Le ministère des Affaires parlementaires et de la Gouvernance (MOPA&G) a rejeté l’exactitude de l’indice sur l’état de droit 2025 du World Justice Project (WJP) récemment publié, déclarant que la méthodologie du rapport est profondément imparfaite et « ne peut pas être interprétée comme un véritable reflet des réalités du Guyana en 2025 ».
Selon le rapport, la Guyane se classait au 80ème rang en 2025, en légère baisse par rapport au 78ème rang en 2024. Cependant, le ministère a souligné que la méthodologie qui sous-tend ce classement est profondément erronée. Les données utilisées comprennent des sondages auprès des ménages menés entre 2018 et 2022 par le groupe StatMark, une société dont les enquêtes n’ont été ni rendues publiques ni vérifiées de manière indépendante.
« Le rapport 2025 s’appuie sans aucun doute sur des ensembles de données plus anciens, y compris des données de sondages auprès des ménages datant de 2018 et 2022 par le groupe StatMark », a déclaré le ministère. « Il convient de noter qu’aucune de ces enquêtes en face-à-face n’a jamais été rendue publique à l’époque, et que le public ne connaît pas non plus le groupe StatMark. »
Il ajoute que, comme le reconnaît lui-même le WJP, « là où l’État de droit est plus fort, l’économie l’est aussi ». À cet égard, le ministère a souligné que la croissance économique rapide du Guyana – l’une des économies les plus dynamiques au monde – est un exemple vivant d’un État de droit fort et d’intégrité institutionnelle.
Dans un communiqué publié jeudi par le ministère, il a été noté que même si le Guyana valorise les mécanismes qui facilitent les examens comparatifs mondiaux sur la gouvernance, la lutte contre la corruption et les droits de l’homme, l’Indice 2025 s’appuie fortement sur des sources de données obsolètes et opaques qui ne rendent pas compte avec précision des réformes institutionnelles en cours dans le pays et des réalités actuelles.

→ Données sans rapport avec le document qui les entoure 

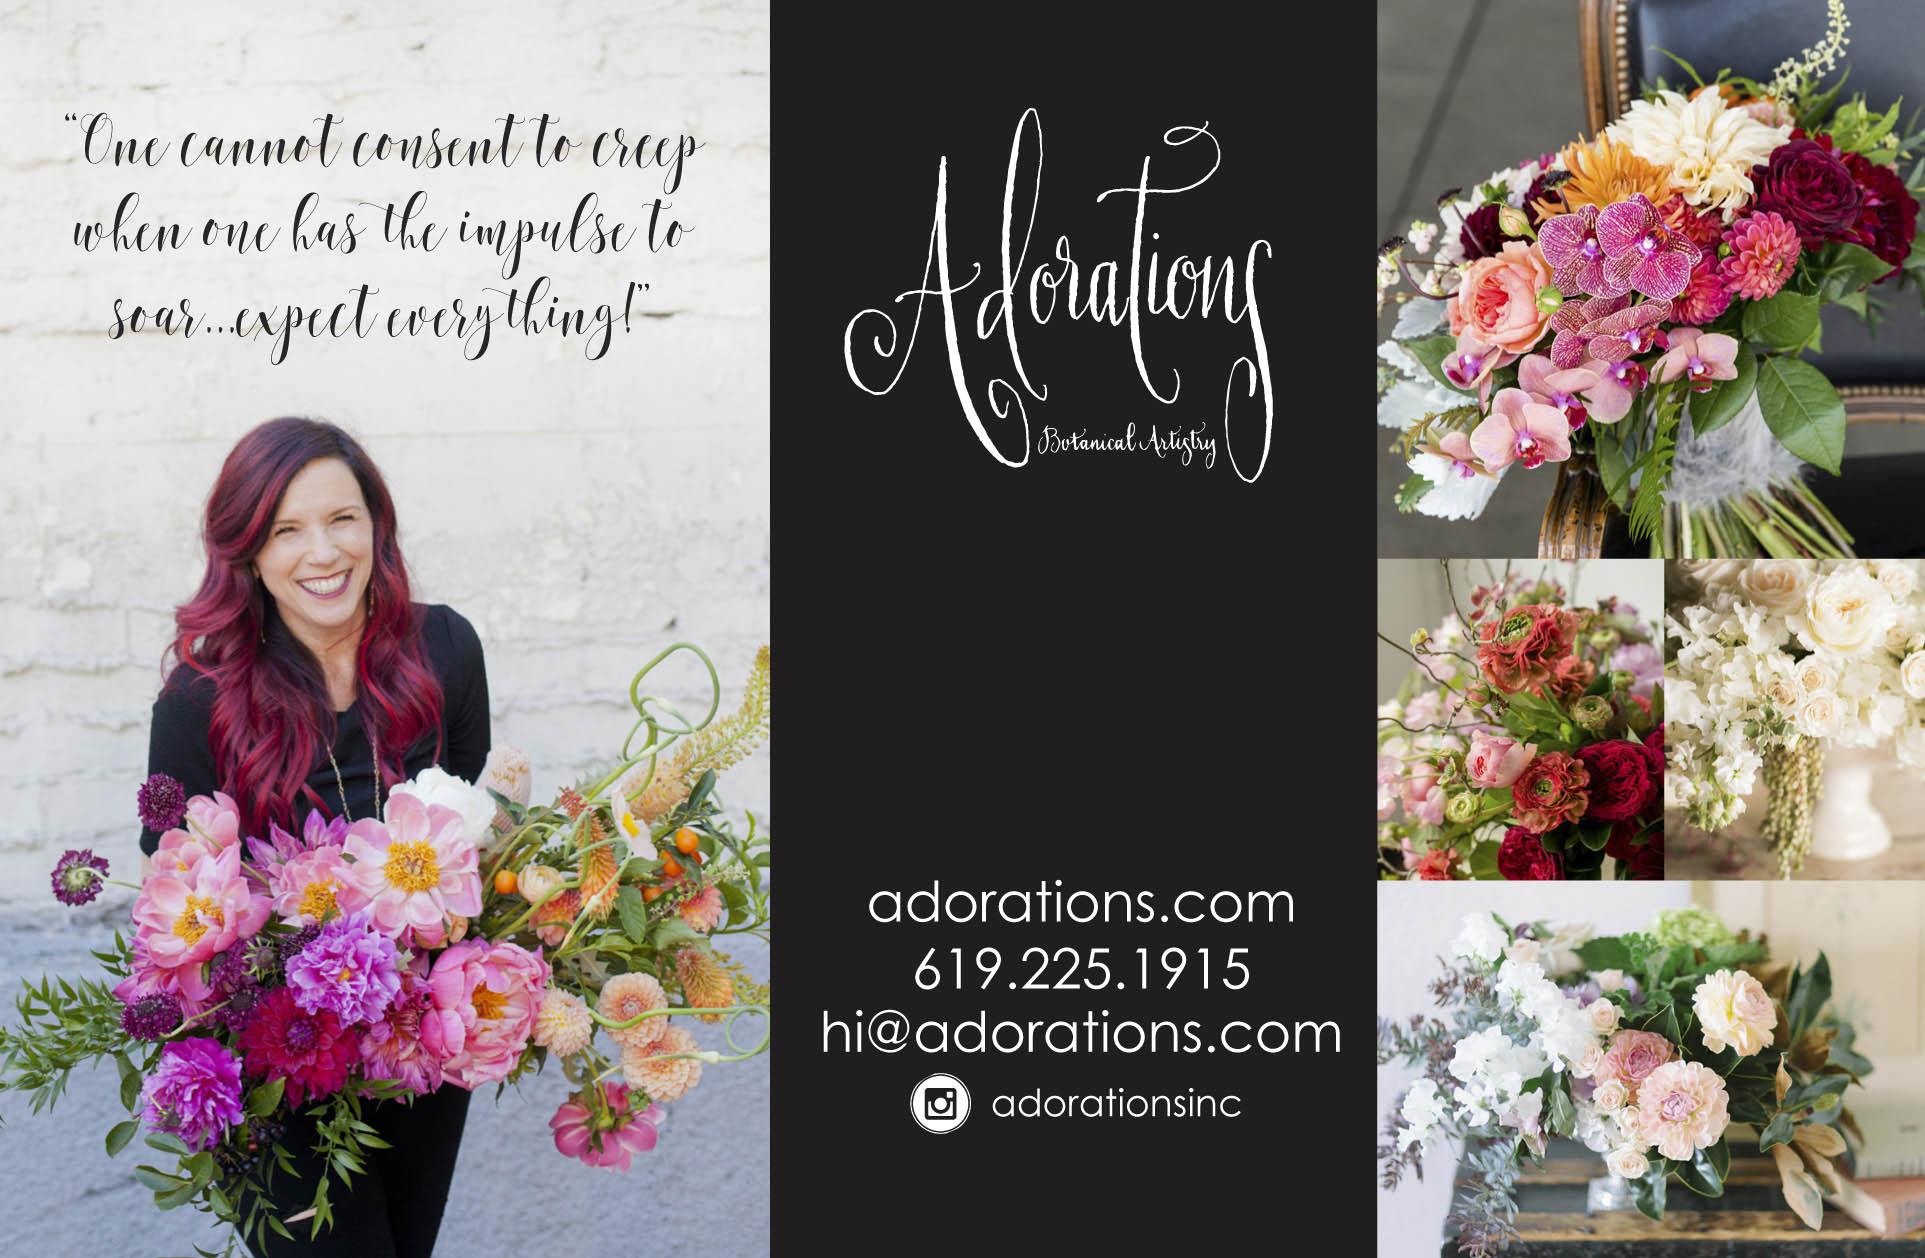 Adorations_halfpage Ad.jpg

Le ministère a souligné que le Guyana reste attaché aux cadres internationaux de transparence et de responsabilité, notamment la Convention des Nations Unies contre la corruption (CNUCC), la Convention interaméricaine contre la corruption à travers le MESICIC, le Groupe d’action financière des Caraïbes (GAFIC) et d’autres mécanismes de l’ONU et du Fonds monétaire international (FMI).
Le ministère a donc souligné que les conclusions du WJP ne correspondent pas aux progrès actuels de la Guyane. « Le rapport ne peut pas être interprété comme un véritable reflet des réalités du Guyana à l’horizon 2025, en particulier compte tenu des réformes institutionnelles et législatives en cours dans les secteurs de la gouvernance et de la justice après 2022, et certainement depuis 2018 », déclare-t-il.
En outre, MOPA&G a exhorté les médias et le public à consulter les sources de données officielles et à exercer une analyse critique lors de l’interprétation ou de la reproduction de publications tierces. Le ministère a averti que même si les classements peuvent donner lieu à des titres attrayants, ils manquent de valeur analytique s’ils ne sont pas accompagnés de scores nominaux et d’ensembles de données sous-jacents.
« L’absence de valeurs nominales détaillées pour les sous-facteurs limite la valeur analytique des classements, en particulier dans le contexte de l’application des politiques et de la compréhension du public », indique le communiqué.
Le ministère a également remis en question la transparence de la composante « perception des experts » de l’indice, soulignant que l’identité et les références de la plupart des contributeurs n’étaient pas divulguées. « Il est impossible que les perceptions de quelques personnes anonymes soient considérées comme représentatives de l’ensemble de la population d’environ 800 000 habitants », a-t-il déclaré. « Sans paramètres d’échantillonnage plus rigoureux, il est en effet difficile de valider la robustesse ou la représentativité des résultats. »
Tout en réaffirmant l’ouverture du Guyana à l’engagement avec des partenaires internationaux et des mécanismes de suivi – comme en témoignent les récents examens à grande échelle dans le cadre de la CNUCC et de l’Examen périodique universel (EPU) – le ministère a soutenu que les évaluations crédibles doivent être fondées sur des données actuelles, transparentes et vérifiables.
« Le gouvernement continue de souligner la nécessité d’un examen continu des méthodologies, d’une divulgation transparente de la taille des échantillons et d’une mise à jour en temps opportun des ensembles de données pour garantir que les indices mondiaux reflètent avec précision les conditions actuelles, en particulier pour les pays du Sud », indique le communiqué.